A Shock to the Census

Juan Gonzalez

The biggest shock to emerge so far from preliminary results of the 2000 Census has been the enormous growth in the nation’s Hispanic population. The number of Latinos residing in the 50 states jumped by nearly 60 percent, from 22.4 million in 1990 to 35.3 million last year.

For the first time in U.S. history, the Hispanic-origin population drew virtually even with the black population, which totaled 36.4 million last year. And that’s without counting the 3.8 million residents of Puerto Rico, all of whom are U.S. citizens. Until now most demographers had not expected mainland Hispanics to overtake African-Americans as the country’s biggest minority group until 2005, but that milestone will be passed this year. 

Even without the statistical sampling adjustment that Democrats had sought, the Census Bureaus counters discovered 2.6 million more Hispanics living in the country than its statisticians had projected. This is a huge number of people to have lost count of in the first place.
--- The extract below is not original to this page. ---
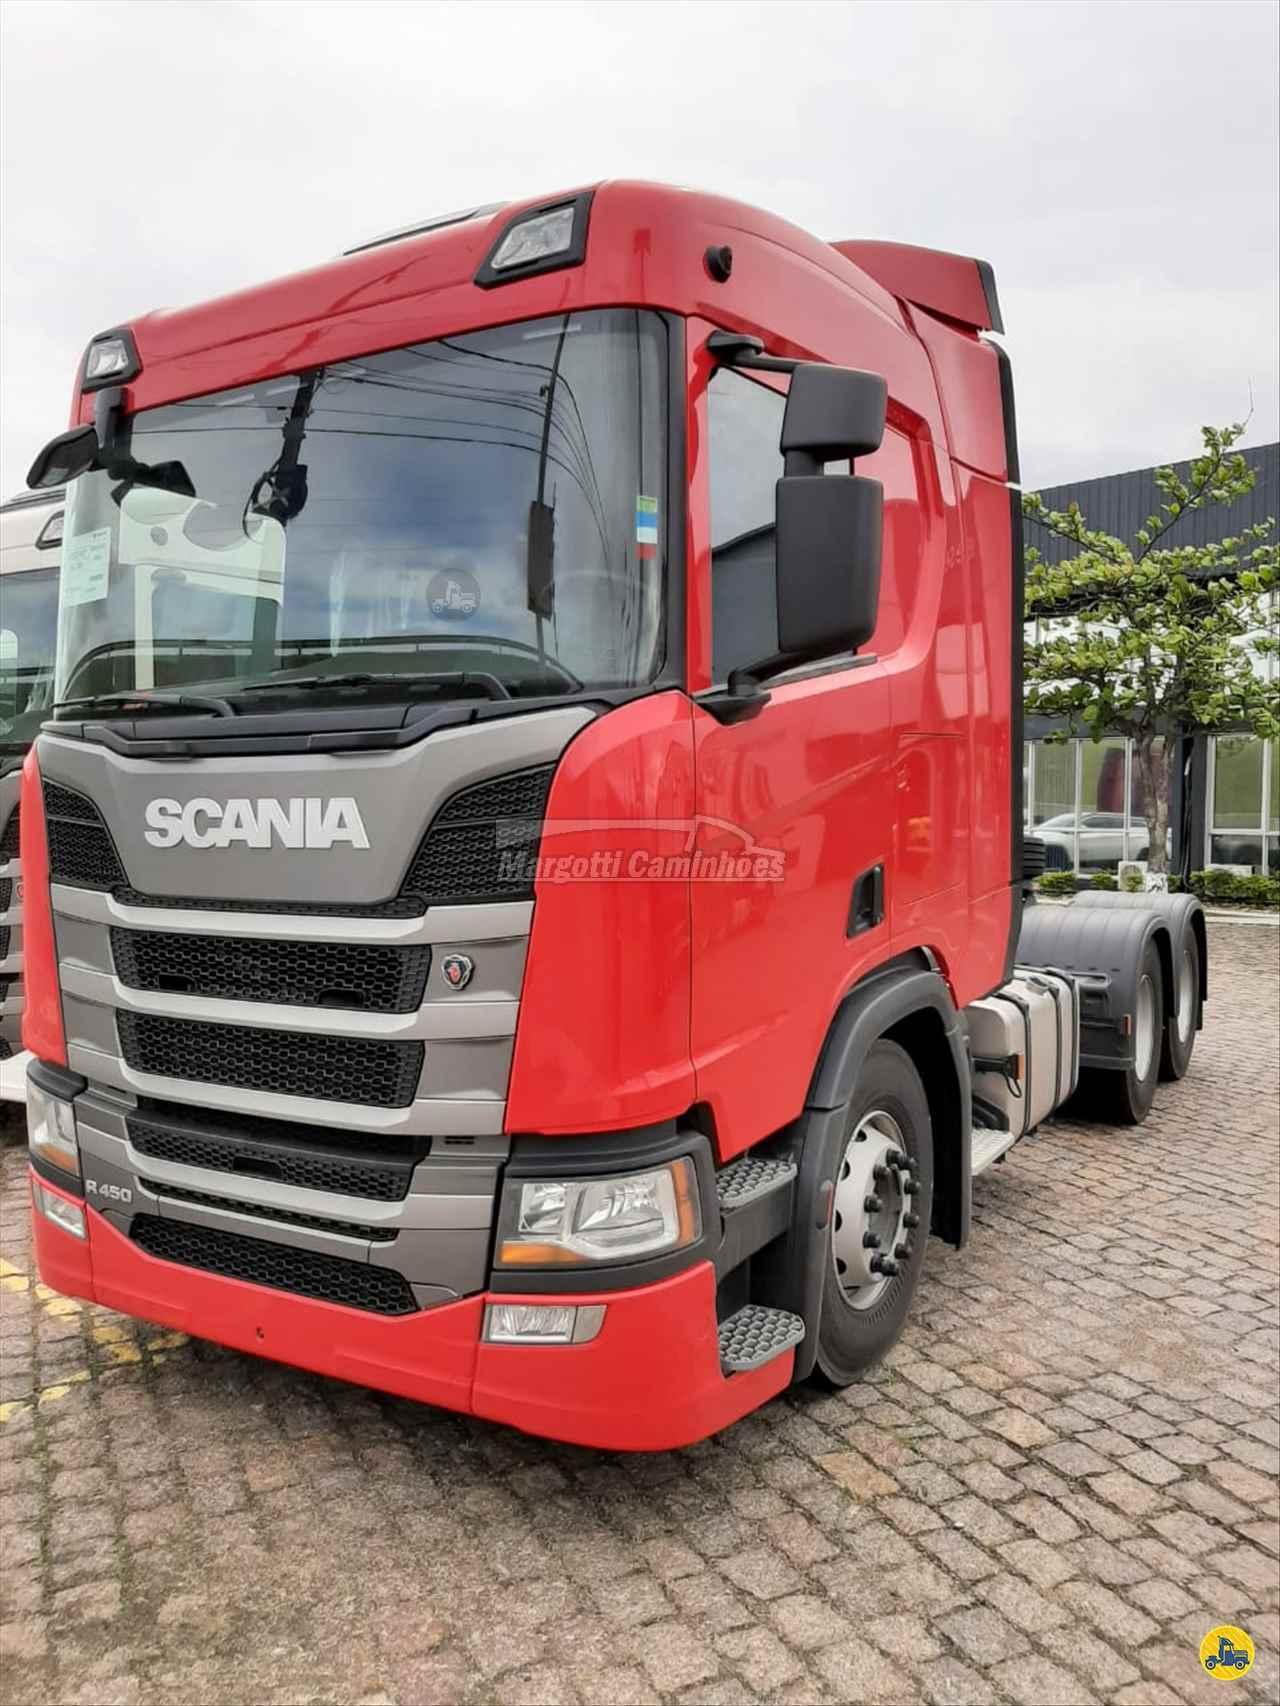 CAMINHAO SCANIA SCANIA 450 Cavalo Mecânico Truck 6x2 Margotti Caminhões TUBARAO SANTA CATARINA SC

While the bureau concedes its 1990 census was so poorly done that it failed to count some 6 million people, this time around it apparently did a better job. 

As the magnitude of this demographic transformation begins to sink in, every institution of American society will have to rethink its policies and priorities, every political organization will have to refashion its platform and strategies. This is as true for conservative Republicans as it is for radical Marxists. 

Consider some details of this amazing transformation since 1990

In Nevada, where overall the population grew by roughly 60 percent, the number of Hispanics skyrocketed by 300 percent – from 131,000 to 394,000 – and they now comprise almost 20 percent of the state’s population. 

In Texas, the second most populous state, whites increased by 13.4 percent, blacks by 14 percent and Hispanics by 45 percent. There are now 6.7 million Latinos in Texas, nearly one-third of the state’s population. 

In Illinois, Hispanics grew by 69 percent, to 1.5 million, the black population grew 10.9 percent, and the white population showed a negligible increase. Latinos now make up 12 percent of the state’s population and a quarter of the city of Chicago. 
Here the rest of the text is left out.